On the other hand, I’m not in a position to do anything other than stand and wait in the hot sun.
Ten minutes later, I see him emerge from the terrace doors carrying a gardening bag – not mine. He shades his eyes with a hand and scans left to right, but I’m among big bushes, he probably can’t see me.
“Evie?” he bellows. “Where are you? Wave!”
I lift an arm and rise up on my toes, causing one of the thorny branches to scratch me very badly.
His head snaps in my direction and he waves back before sprinting down the stairs.
It takes him a while to work his way through the worst of the wilderness.
Something wet starts to trickle down my foot.
I look down and yep, it’s blood because I seem to be wearing a bramble like an ankle bracelet.
My eyes land on a dark narrow edge, like a line in the ground.
A thin dark edge, like slates standing up on their side – they stick out of the ground in a straight line running away from me.
As if someone has buried a house sideways and the edge of the roof is all that sticks out.
This is so out of place.
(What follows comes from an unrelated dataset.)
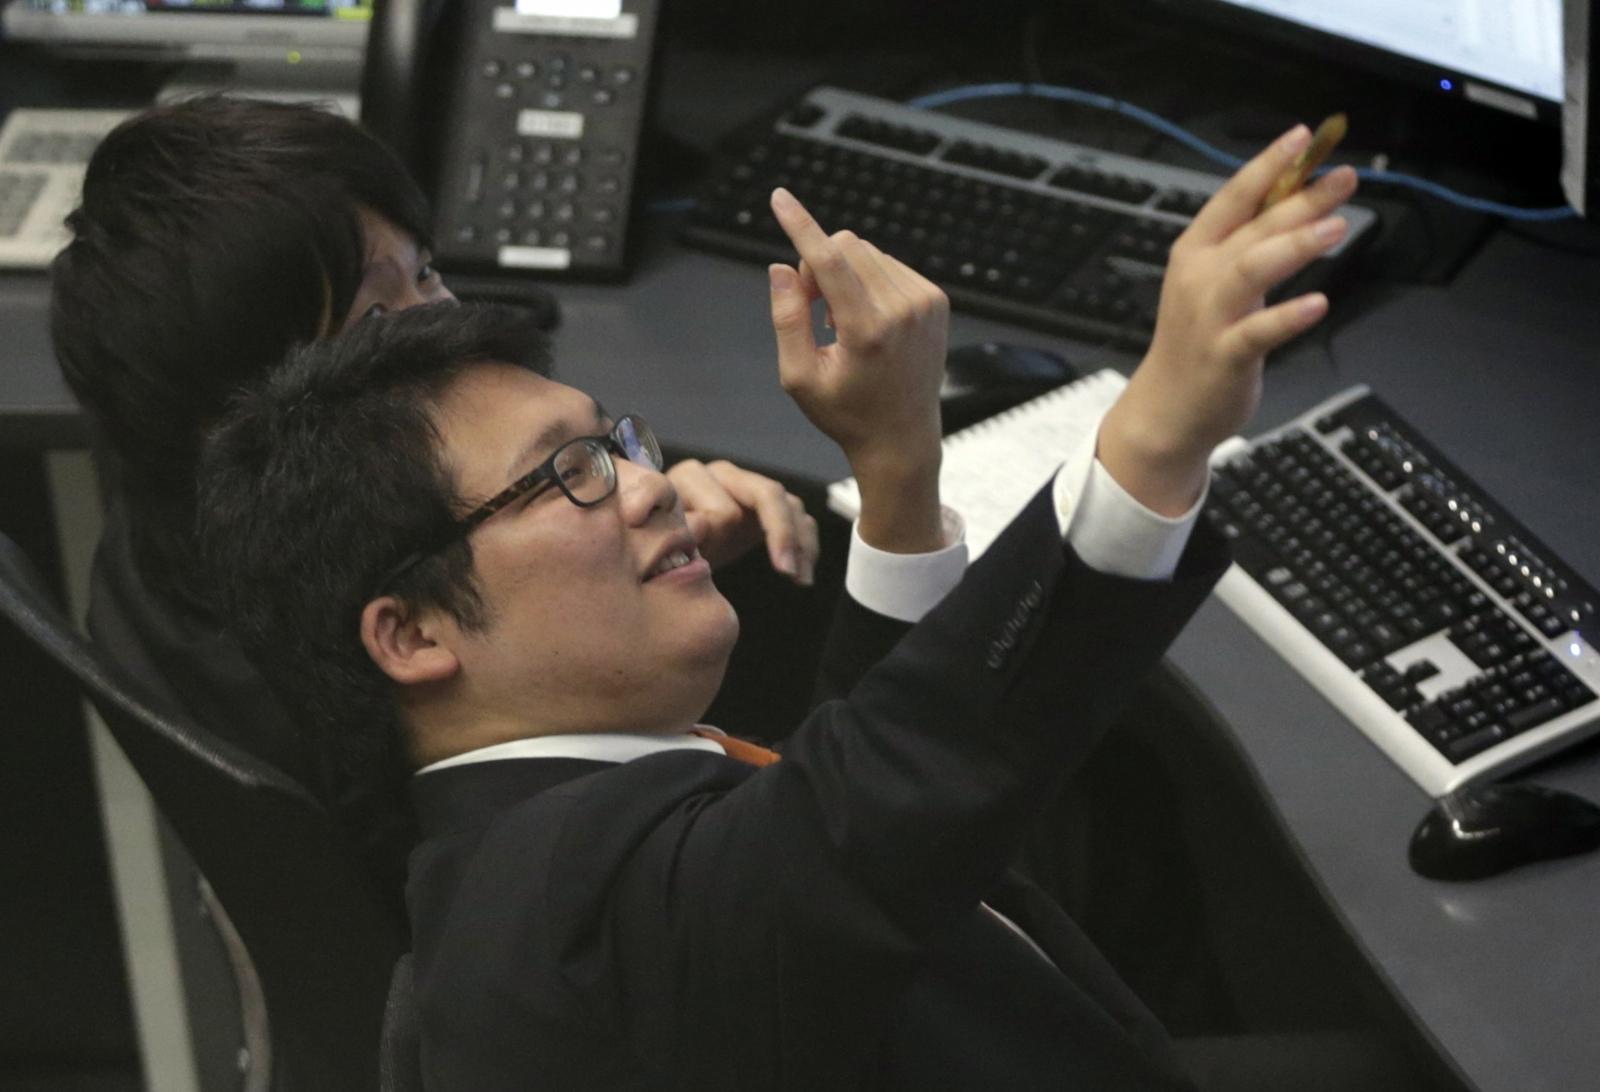 TSE Employees, Japan

I can’t understand why it would be here. Unless…
Unless the garden wanted me to see this. I’d been too tired and anxious to get home and would have never seen this. And once inside, I’d have just called the tractor.
Did I say this garden has a will of its own? It’s never going to tamely surrender to any Tom, Dick or Harry with a shovel. It demands respect.
“You fight dirty, don’t you?” I can’t help saying out loud.
“Who are you talking to?” Osian asks from a few feet away. He cuts through to me at last and stops, breathing hard, sweat glistening on his forehead.
He has large cutters in his hand. One quick look at me and he holds up a hand. “Stay still.”
“Really?” I rasp through a dry throat. “Because I was about to go to travelling. What do think? Glasgow? York? I hear Grimsby’s lovely this time of year.”
His eyes flick to me, his expression amused, then he notices the scratch on my face. “Shit, this is bad,” he says, tugging at the branch that’s caught in my hair. Then he looks down at my clothes caught on thorns, and at my feet in a tangle of briars holding me prisoner.
He works quickly and effectively. In no time at all, he’s trimmed back everything within a circle around me.
“These must be yours.” He hands me my lost cutters.
“Don’t touch your hair – there’s a nasty vine stuck in it.
I’ll need to get you inside and work with smaller secateurs.
And you’re bleeding.” He places a hand in the small of my back and guides me carefully back to the path he seems to have cut to reach me.
“Just a sec.” I take a couple of steps sideways and bend to check the slate. Now that Osian’s made a bit of room, I can squat all the way down for a better look.
“Careful,” he says. “You don’t want to get your wounds dirty.”
Bending my head down, I peer under the growth. It’s just as I suspected: the line of slates runs a long way; the end isn’t even visible from here.
“Did you lose something?”
“I’ve found something.” I can’t help grinning.
“Your credit cards?”
“Tell you when my throat feels better.”
Without a word, Osian helps me all the way back to the house.